A group of 35 Navy Seals who sued the Biden Administration, Pentagon, and US Navy over the service-wide Covid vaccine mandates has won a key decision, The Washington Post reports Tuesday, after a US District Court judge in Texas blocked the Pentagon from punishing the particular Navy personnel in the case who reject the vaccine.
The decision is expected to have significant reverberations throughout all branches, as Pentagon spokesman John Kirby said Monday night the DoD is reviewing the decision in light of how it will impact its continuing policy of discharging all servicemembers not in conformity. US District Judge Reed O’Connor ruled that the pandemic "provides the government with no license to abrogate" the individual liberties of any American.
He asserted and defended service members' right for religious exemption - crucially which in branches like the Marines have been subject of blanket denials of late, according to widespread reports. Judge O'Connor wrote as part of his 26-page injunction that "loss of religious liberties outweighs any forthcoming harm to the Navy" and that "even the direst circumstances cannot justify the loss of constitutional rights."
"This Court does not make light of COVID-19′s impact on the military. Collectively, our armed forces have lost over 80 lives to COVID-19 over the course of the pandemic," O’Connor wrote Monday.
The Washington Post details the background of the lawsuit as follows:
The troops — a group that included Navy SEALs and other members of Naval Special Warfare Command — filed suit against President Biden, Defense Secretary Lloyd Austin, Navy Secretary Carlos Del Toro and the Defense Department to challenge the Navy’s vaccination requirement in November. The troops cited Christian beliefs that they should not take a vaccine developed from aborted fetal cell lines and saw a modification of their bodies as an "affront to their Creator."
Mike Berry, general counsel for the First Liberty Institute which is representing the Seals, said in the aftermath of the judge's order to halt punishments from military commanders over the vaccine mandate: "Forcing a service member to choose between their faith and serving their country is abhorrent to the Constitution and America's values," Berry said. "Punishing SEALs for simply asking for a religious accommodation is purely vindictive and punitive. We're pleased that the court has acted to protect our brave warriors before more damage is done to our national security."
"..Court..issued a preliminary injunction against Biden’s military mandate prohibiting the Pentagon from forcing 35 Navy SEALs to receive a COVID-19 vaccine. The injunction only applies to the servicemen involved in the lawsuit, not to the mandate in general." pic.twitter.com/RJtTcBapgt— Mike_Muffler (@mike_muffler) January 4, 2022
Recall that last month the military admitted it is denying religious exception requests almost across the board:
Marine Corps spokesman Capt.
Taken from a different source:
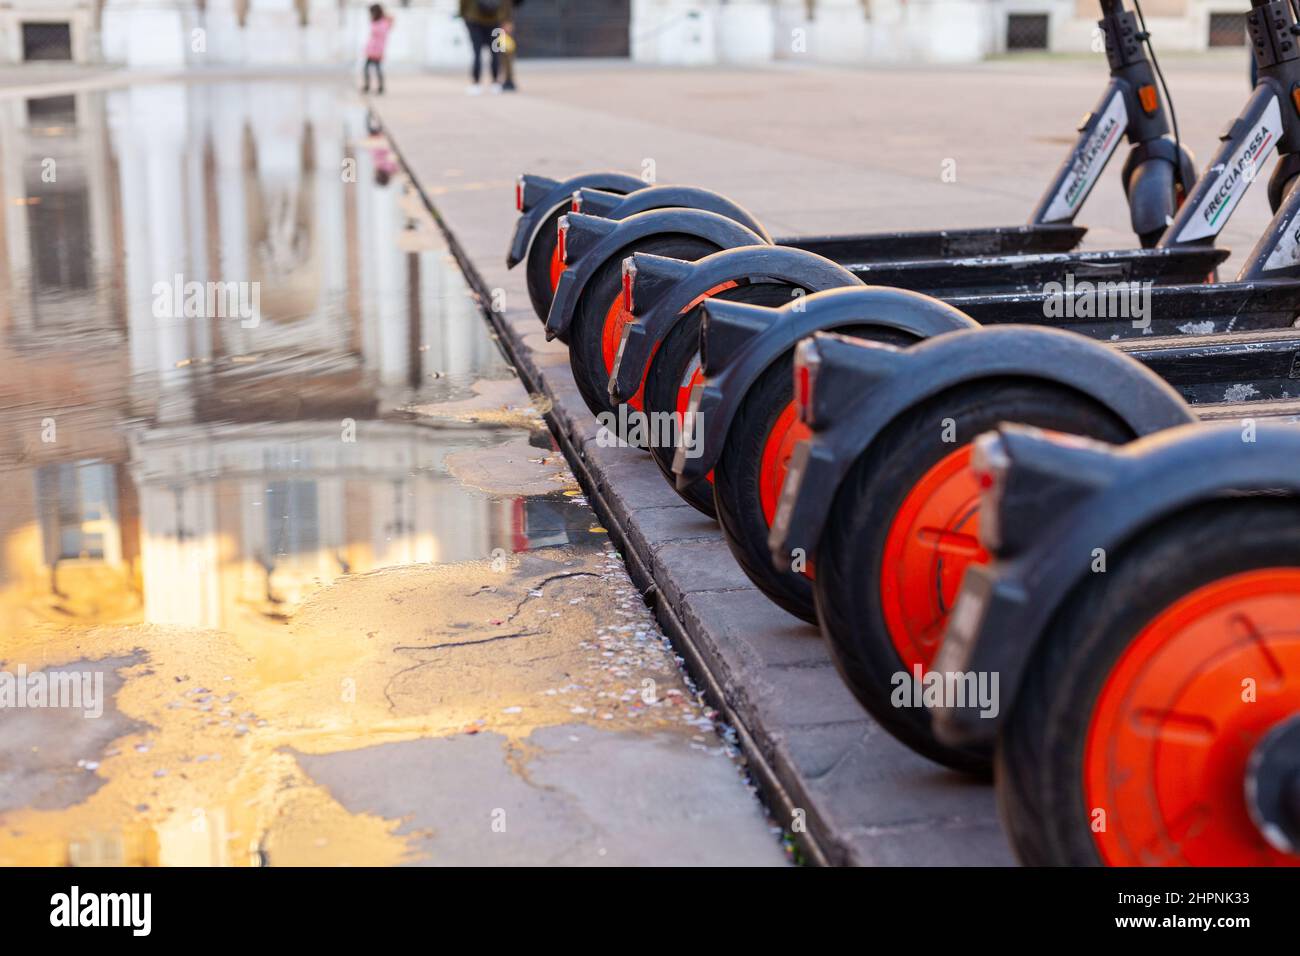 A row of sharing electric scooters wheels in a public city square in Modena, Italy Stock Photo

Ryan Bruce told Fox News that as of Thursday, 3,080 of the 3,192 requests for religious accommodation concerning the COVID-19 vaccine mandate had been processed and zero had been approved, adding that "no religious accommodations have been approved for any other vaccine in the past seven years."
Likely the order could open up an avalanche of similar successful lawsuits against the Biden administration and the DoD. For now, however, "The order prevents the Navy from applying its vaccine mandate and administrative discharge policy on the 35 sailors involved in the lawsuit."
There are similar lawsuits to halt the military's ability to punish unvaccinated personnel currently in process across various parts of the country, working their way through civil courts.